Realtime. Maybe you’ve heard of realtime reporting. It’s among the largest upcharges because these reporters have their words coming out on a laptop or tablet screen for the client. I haven’t personally done realtime, but I know that these reporters can command a dollar or more per realtime hookup on top of their daily, medical, or other upcharges. Why are these upcharges important? More money per page equals fewer pages to make the annual income you want to make. We’ve got over 900 mathematical calculations to show this off.

Now that we’ve been through these different levels of skill, let’s look at how it’ll apply in the real world. Certifications exist, and they are important. That said, in many states and municipalities you can offer these services without the certification. What does this mean? It means that the limiting factor is you. It’s your skill and comfort level. It’s your willingness to go out there and say yes, I will take a medical. It’s the desire to get your skill level to a place where you can realistically offer these things. Your value, to a great degree, is dictated by you.

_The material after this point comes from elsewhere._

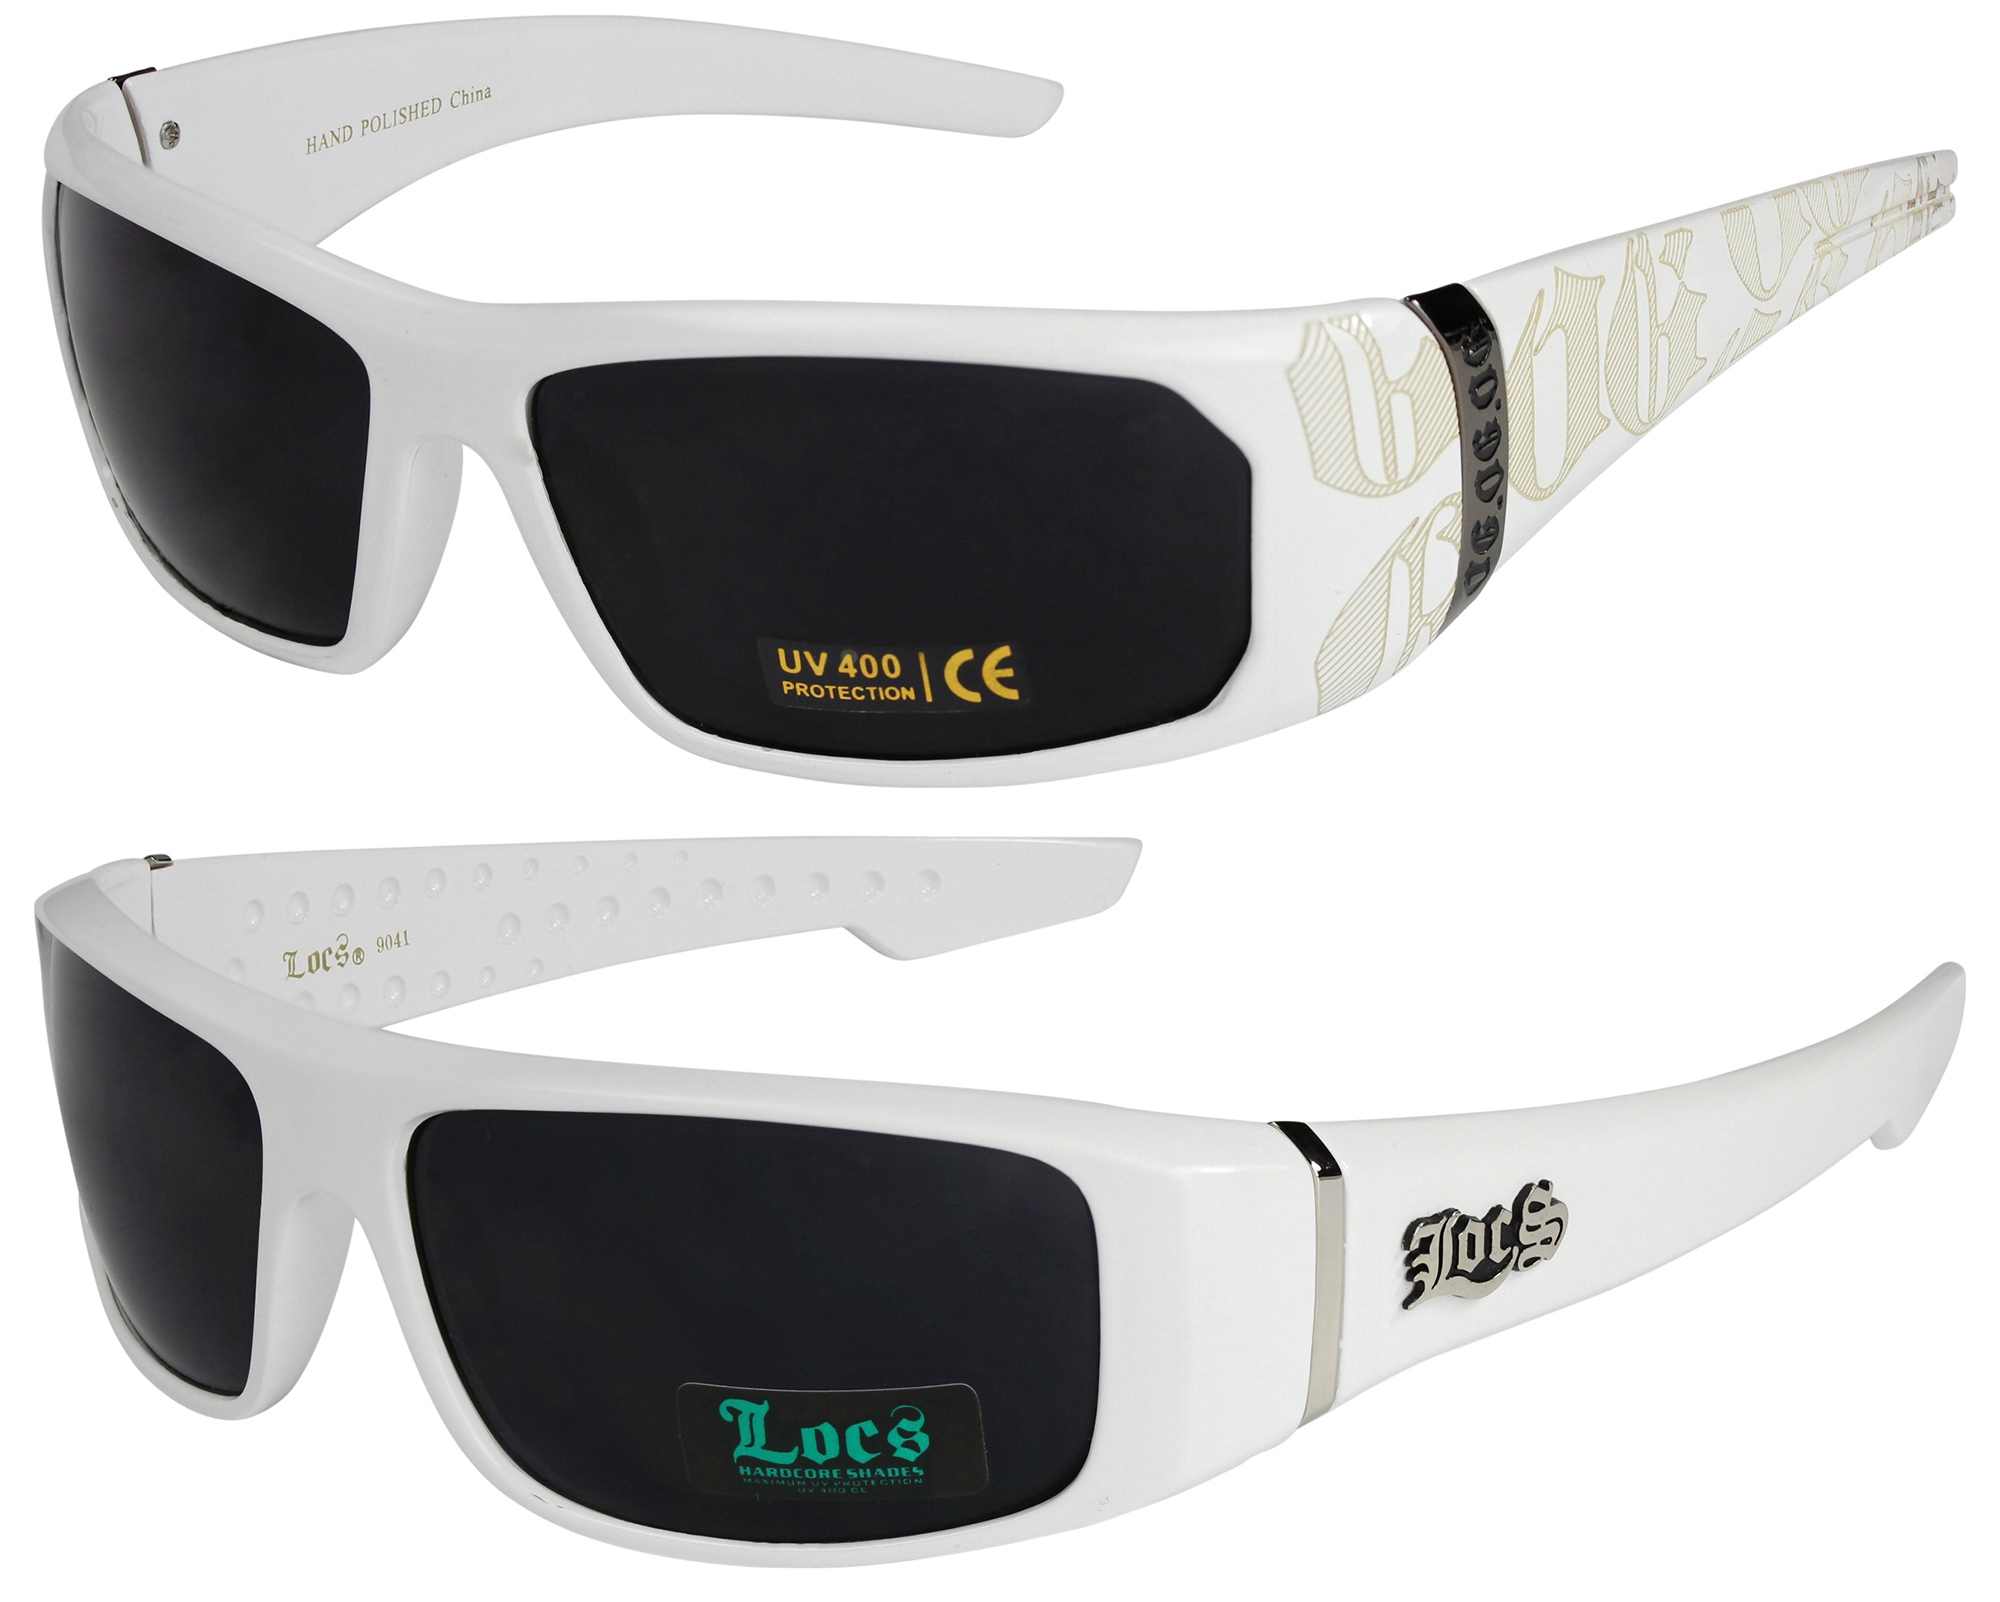 2er Pack Locs 9052 Choppers Rad Brille Sonnenbrille Herren Damen schwarz weiß

You will go out there and have bad jobs. There will be hard days. There will be times you feel shaky about the service you’re providing. There will be “employers” who make you feel replaceable. Just keep improving. Know where you are at. Be open to feedback, but don’t live by it. Learn from every mistake. If you are in training and know you are able to produce a daily transcript already — great! Don’t let anybody take that away from you. Don’t accept, as fact, that anybody can do it or that nobody charges for that. The freelance world — the business world — is a tough one. There are buyers and sellers, and the buyers will always be looking for a way to knock you down on the price. Remember these gradients in value, and remember that the more of them you achieve, the more you have something to sell.